**TASK ITEM**
Copy the data exactly as it appears, and do not include any pictures.

(DATA PROVIDED begins)

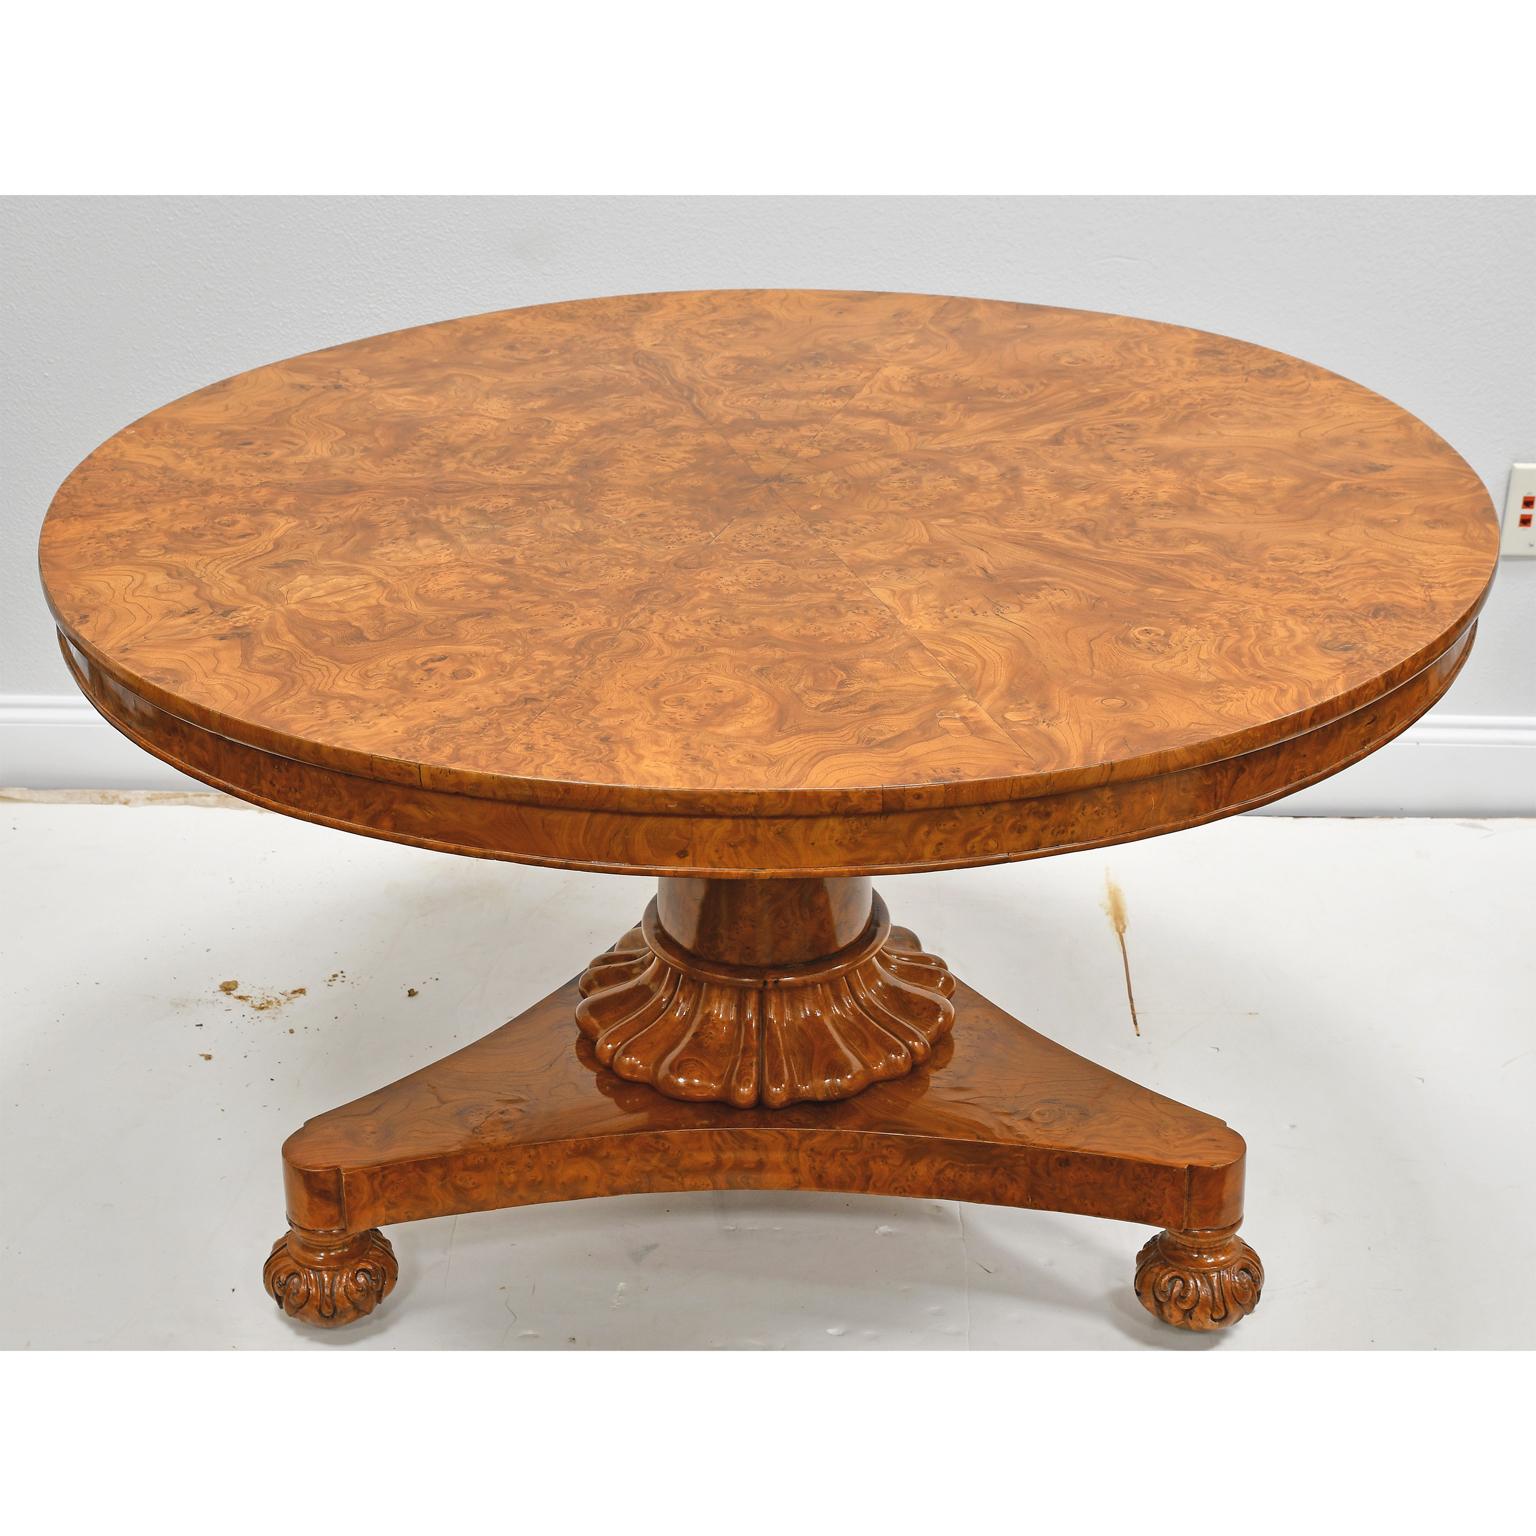 Hand-Carved Antique English William IV Round Center or Loo Table in Burl Ash on Pedestal
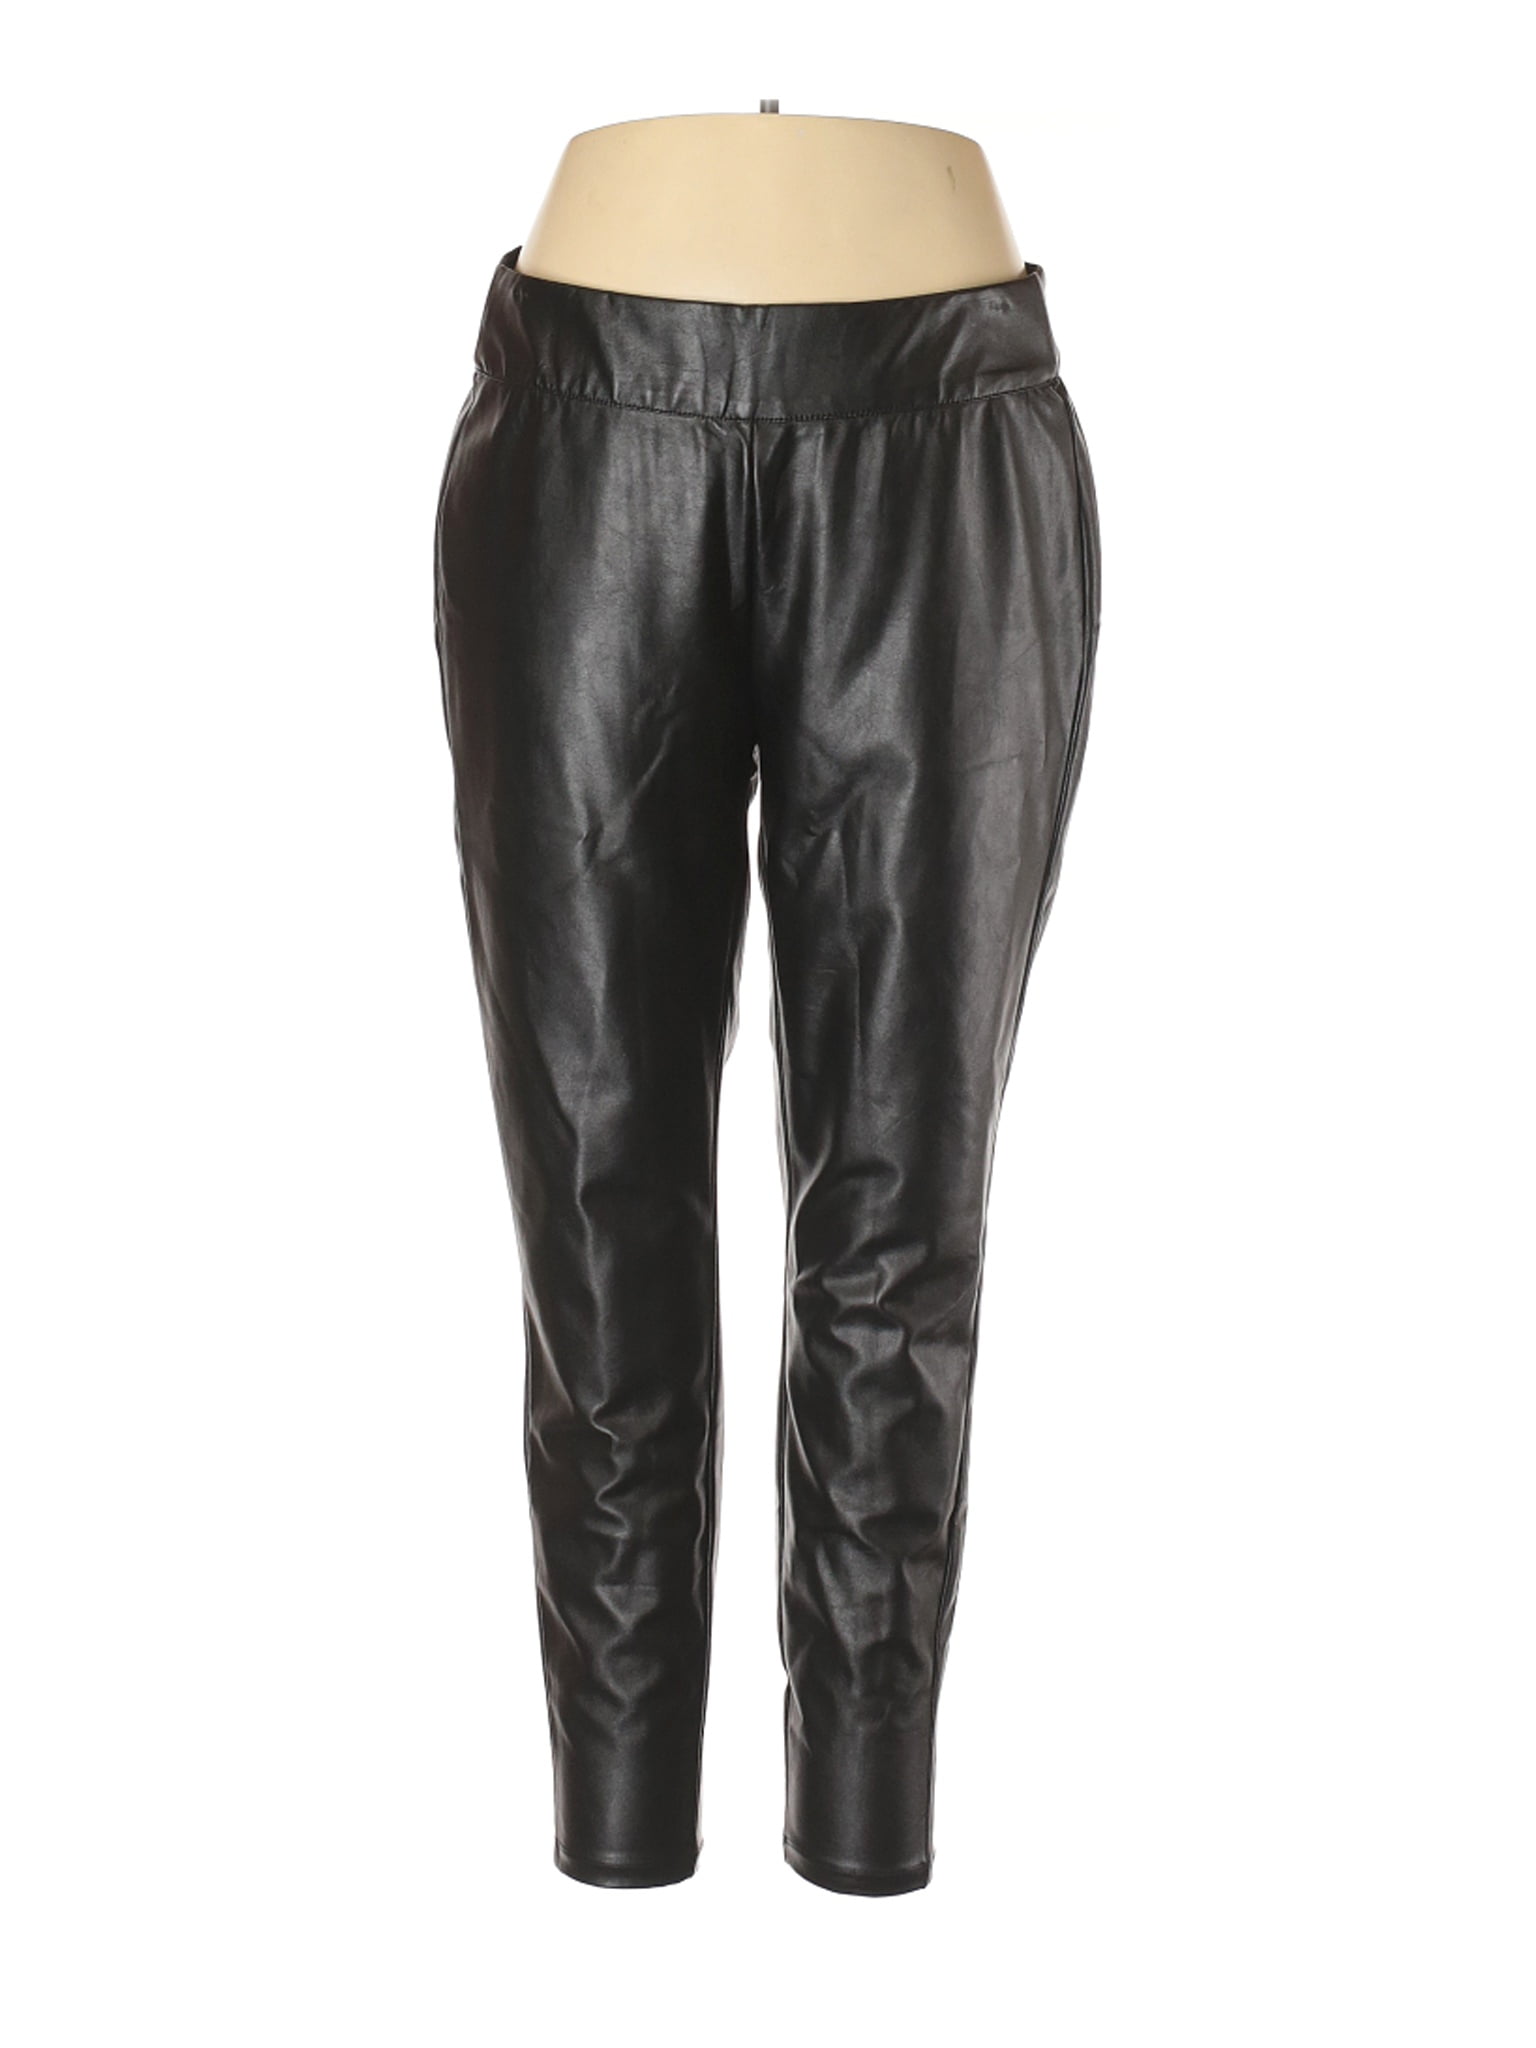 leather pants size 18
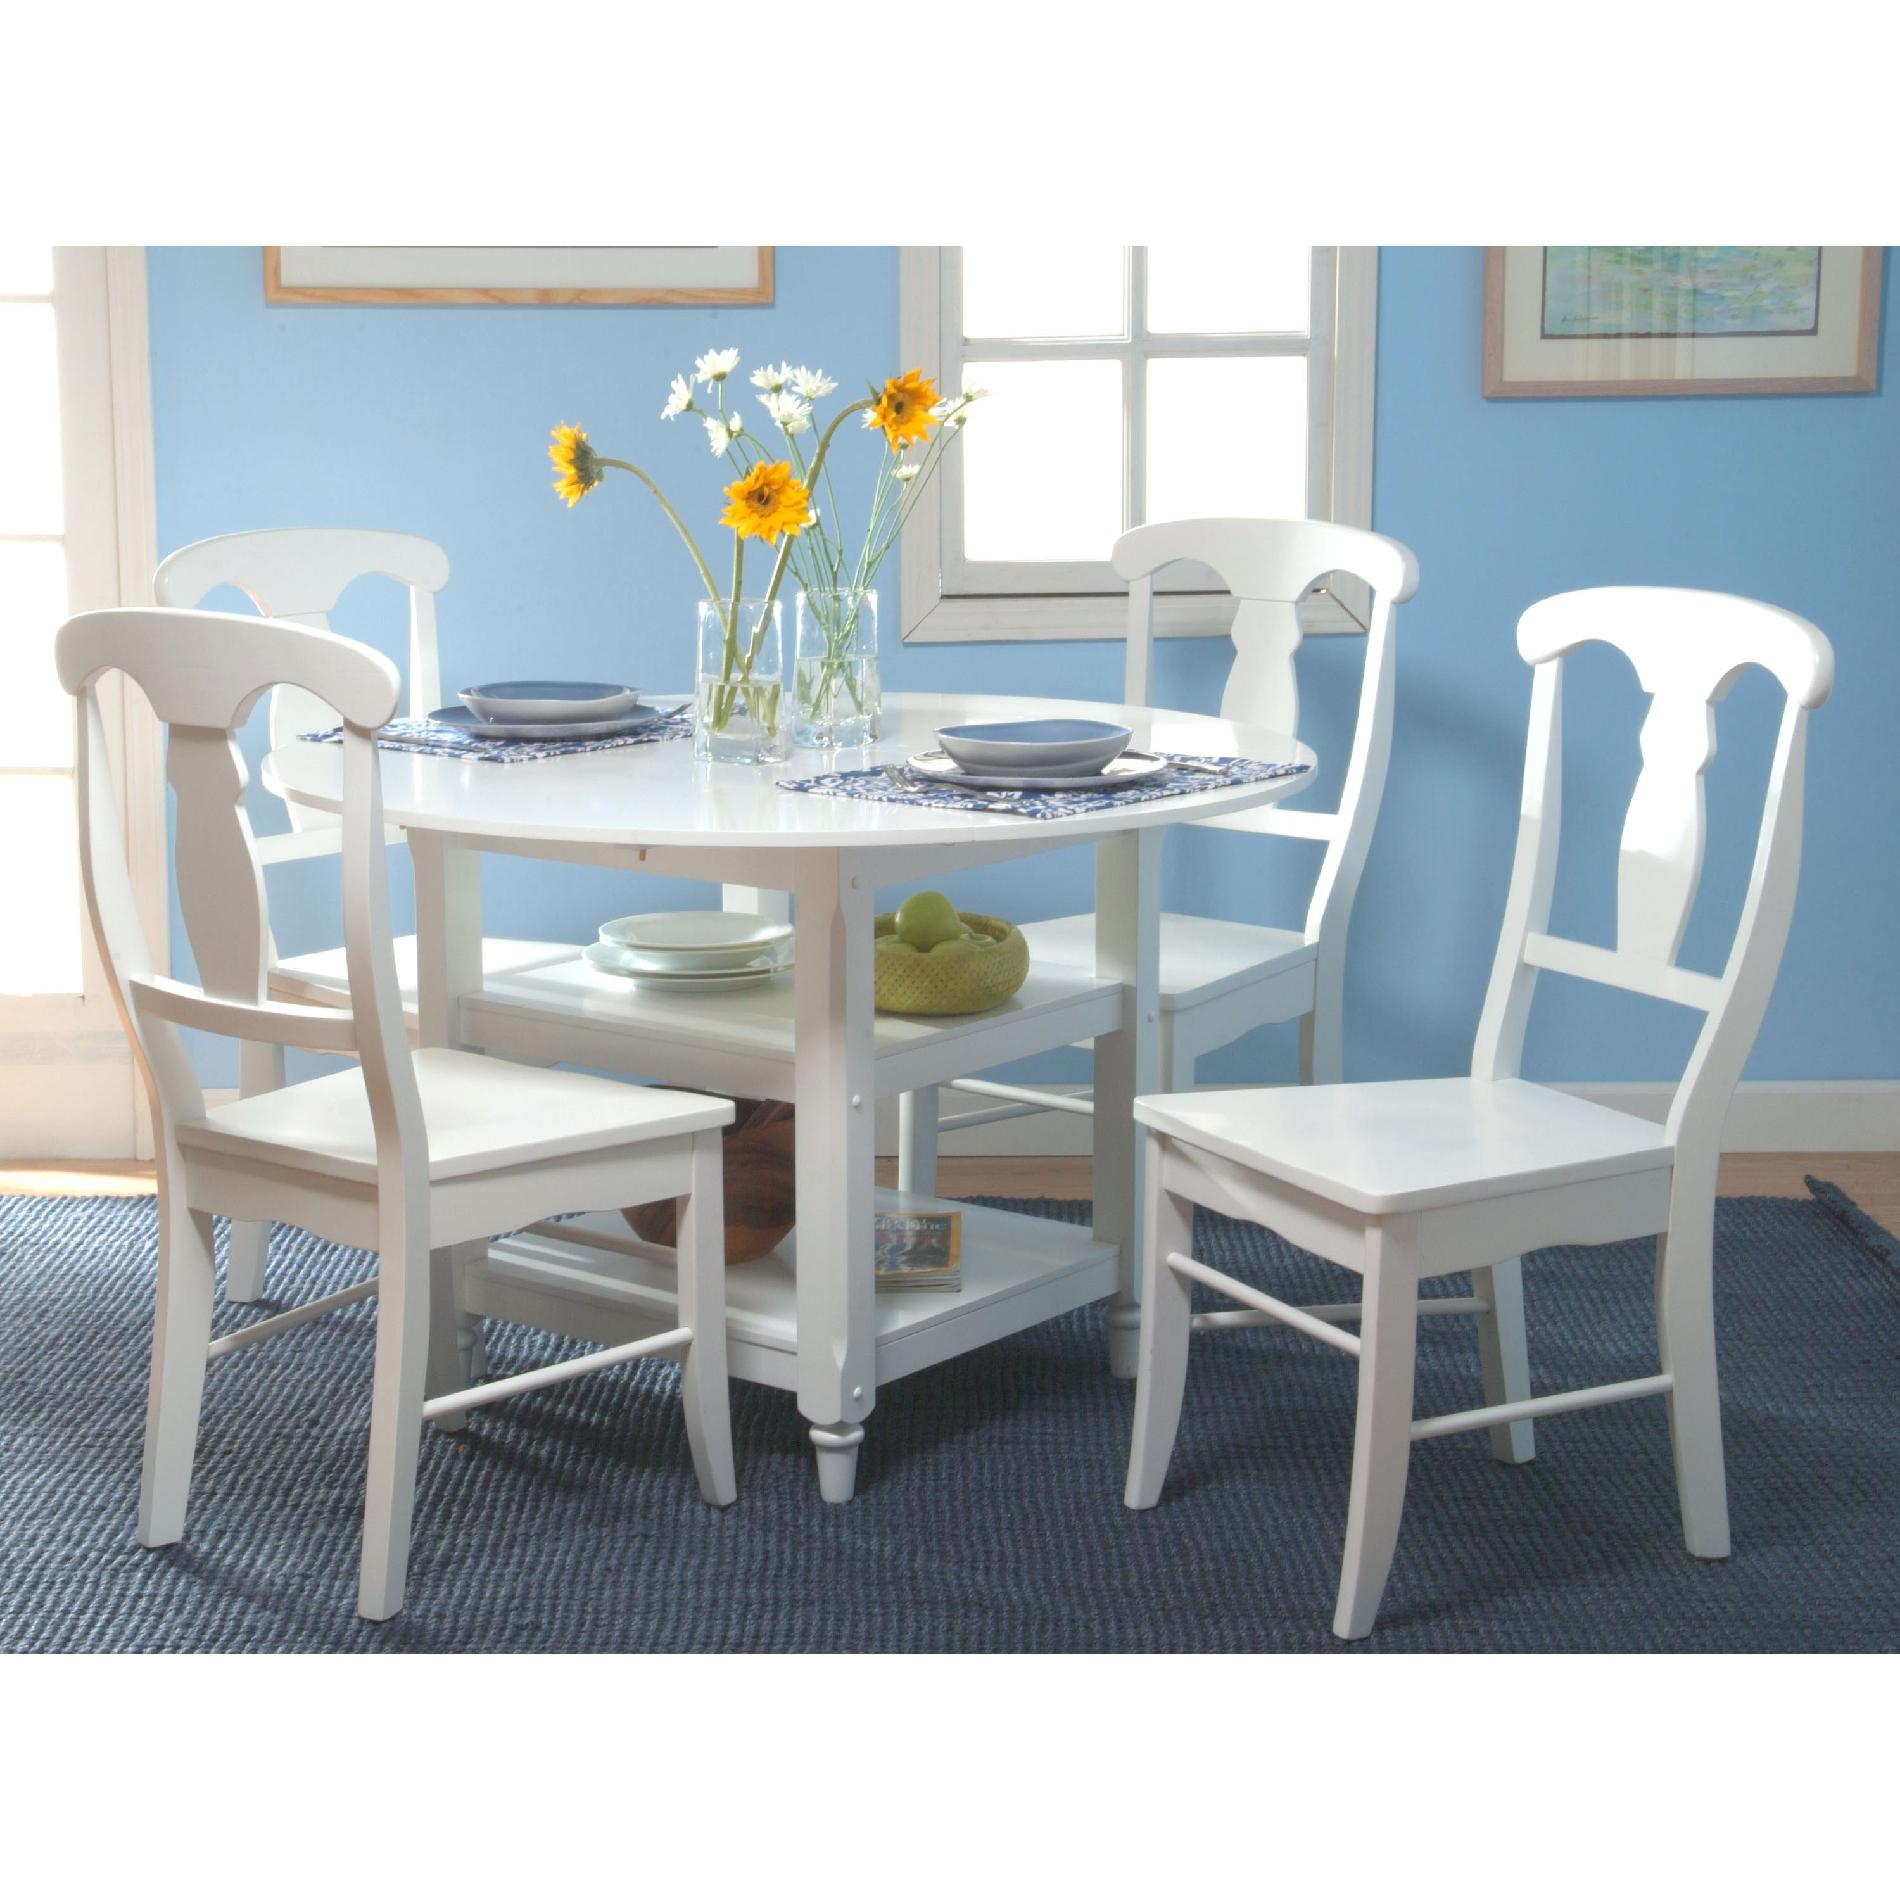 5 pc. Cottage Dining Set in White Finish

(DATA PROVIDED ends)

**TASK ANSWER**
 Hand-Carved Antique English William IV Round Center or Loo Table in Burl Ash on Pedestal
 leather pants size 18
 5 pc. Cottage Dining Set in White Finish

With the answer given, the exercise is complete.